+++ GIVEN INFORMATION
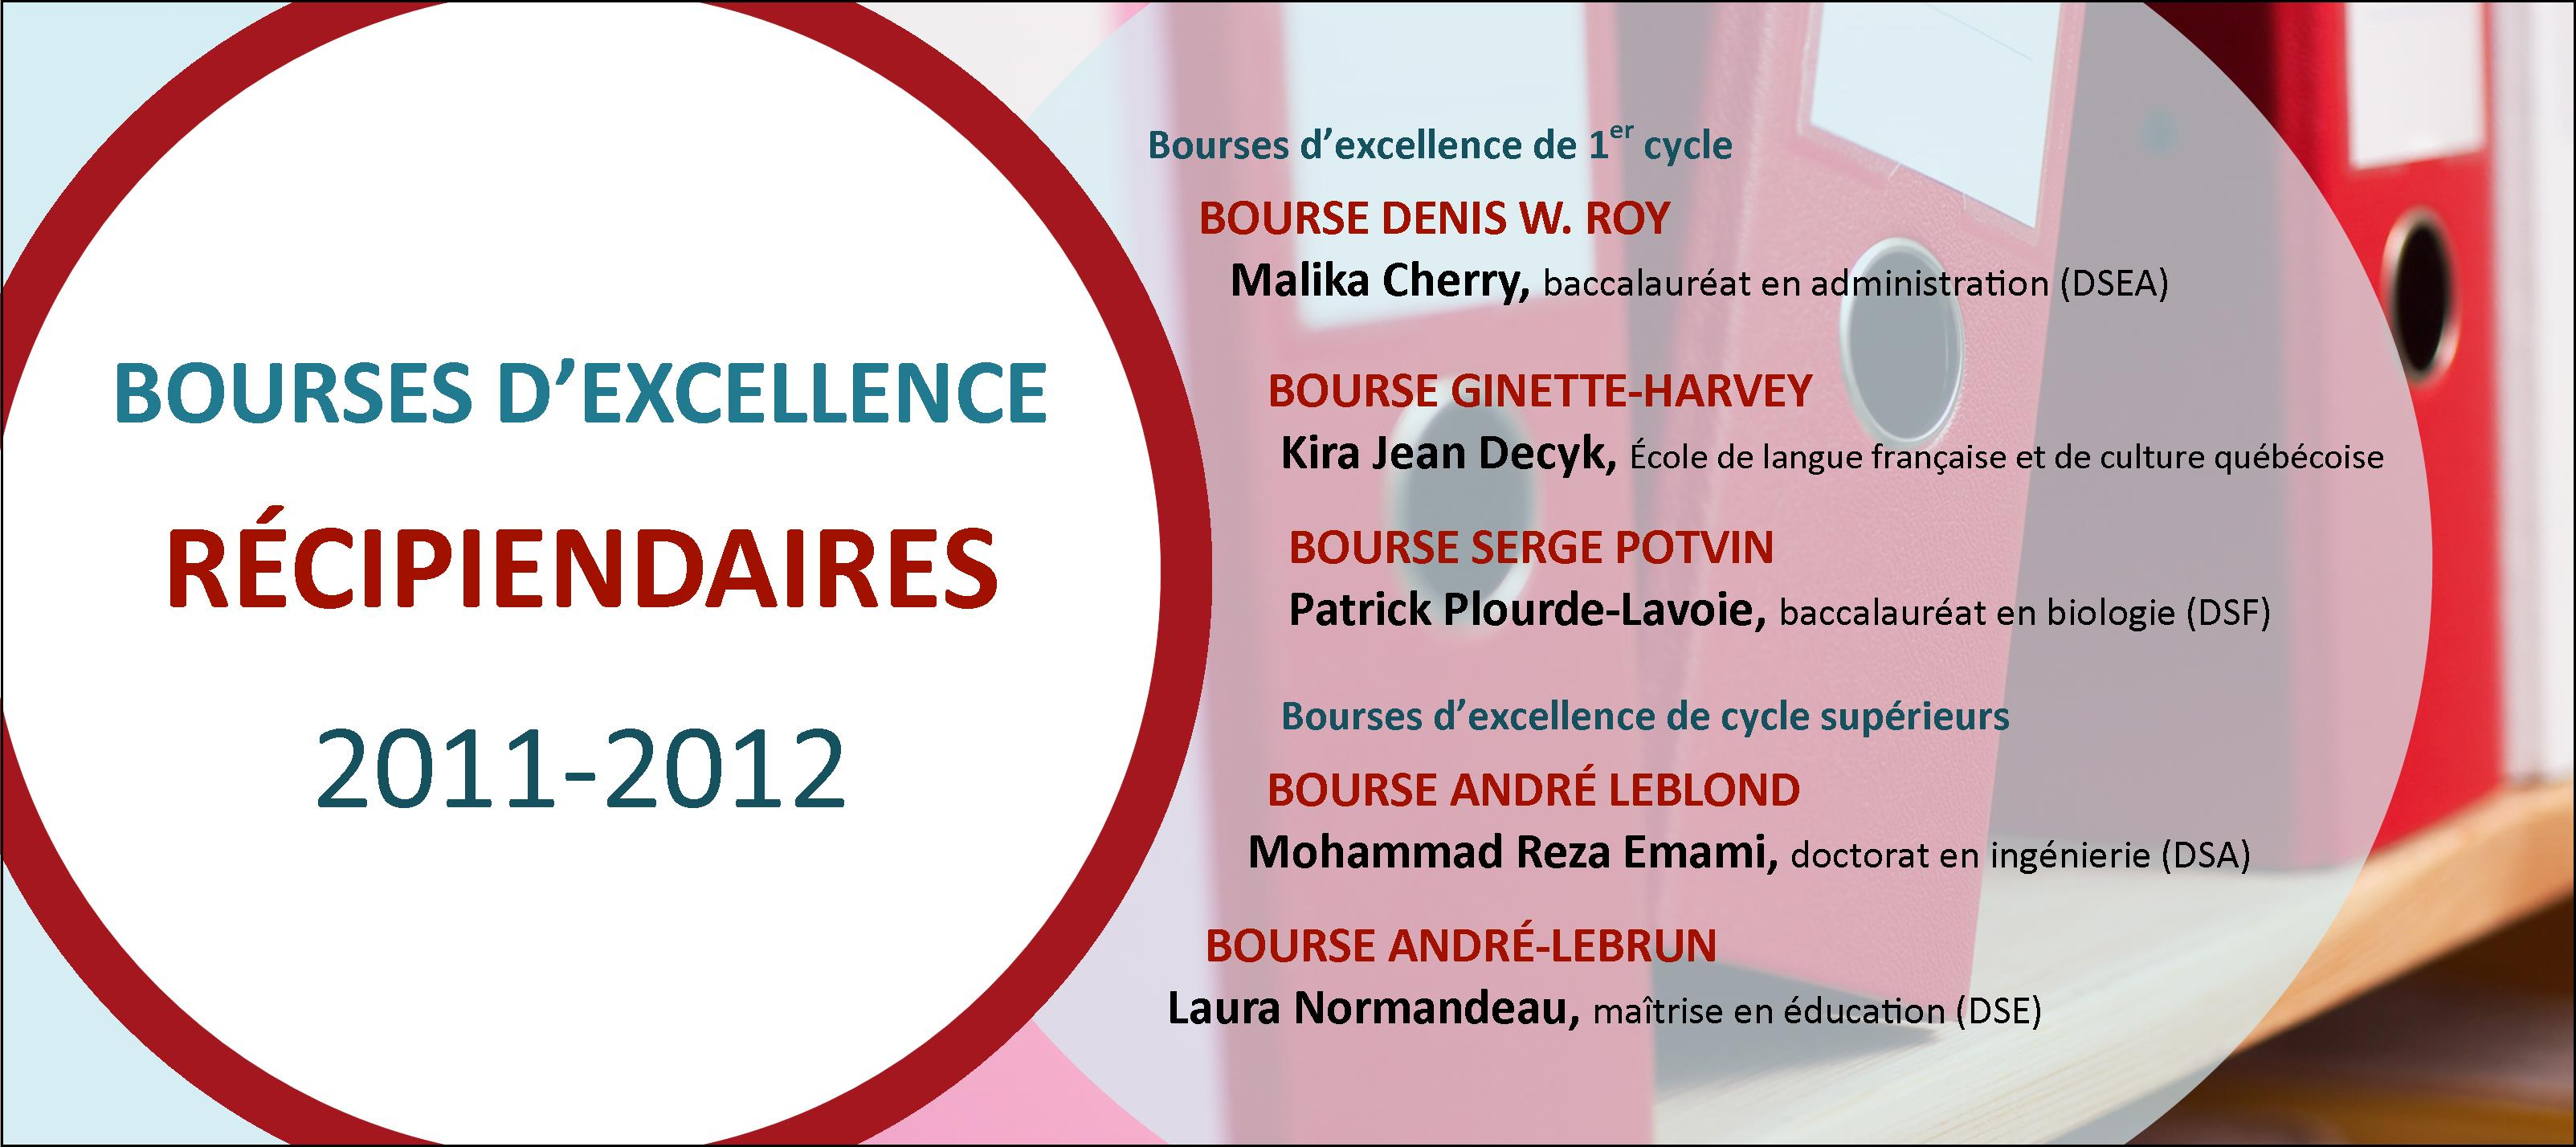 Récipiendaires 2011-2012
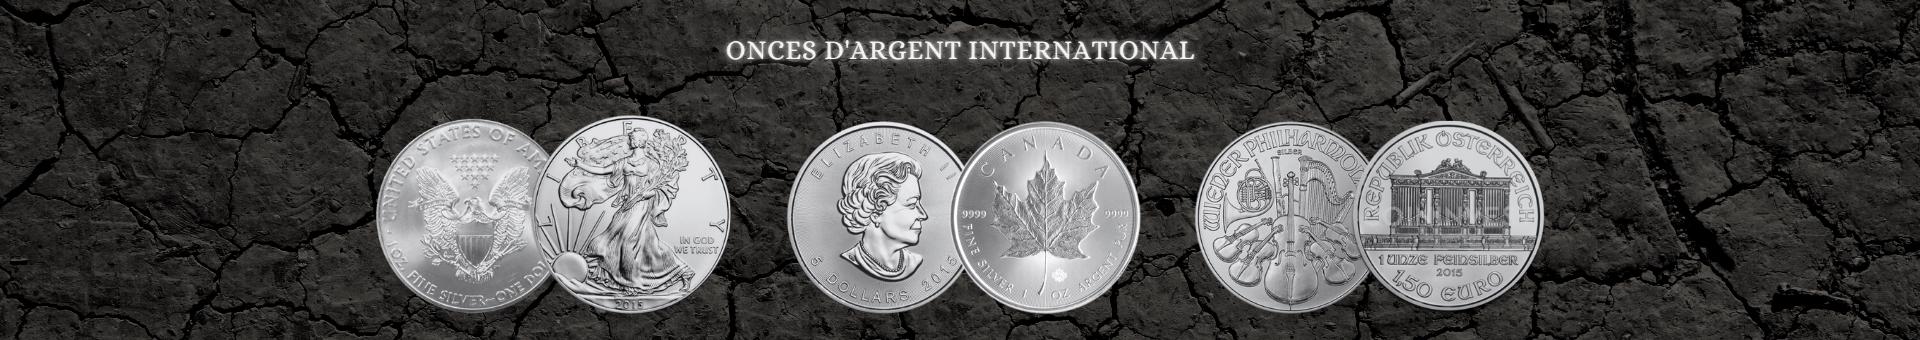 Achetez des pièces d'argent internationales avec Or & Change
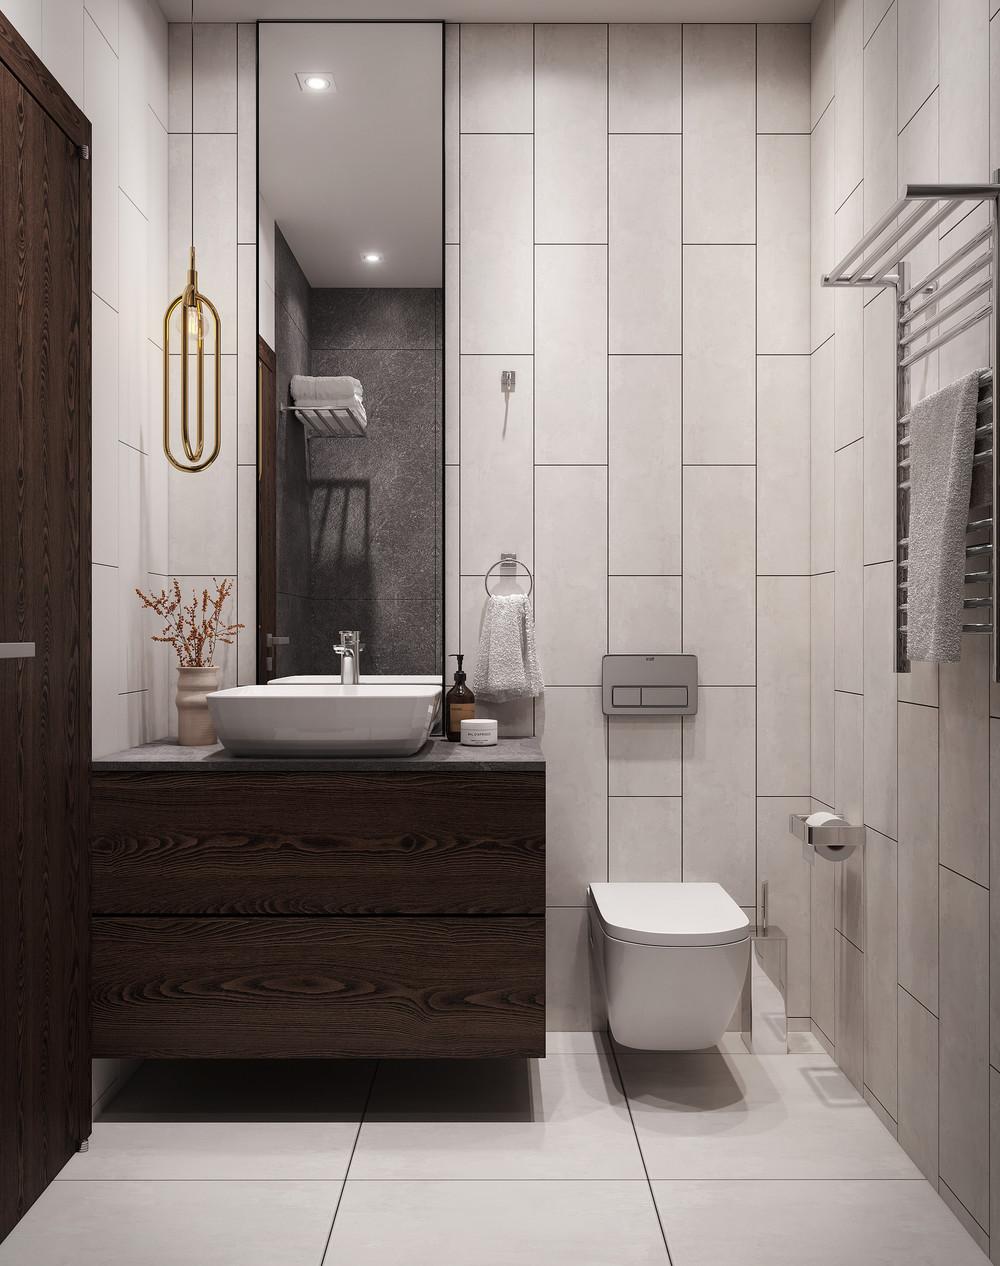 Потрясающий сдержанный дизайн ванной комнаты
++++++
TASK OBJECTIVE - Images are to be left out; everything else in the material must be written out exactly.

TASK RESPONSE -
 Récipiendaires 2011-2012
 Achetez des pièces d'argent internationales avec Or & Change
 Потрясающий сдержанный дизайн ванной комнаты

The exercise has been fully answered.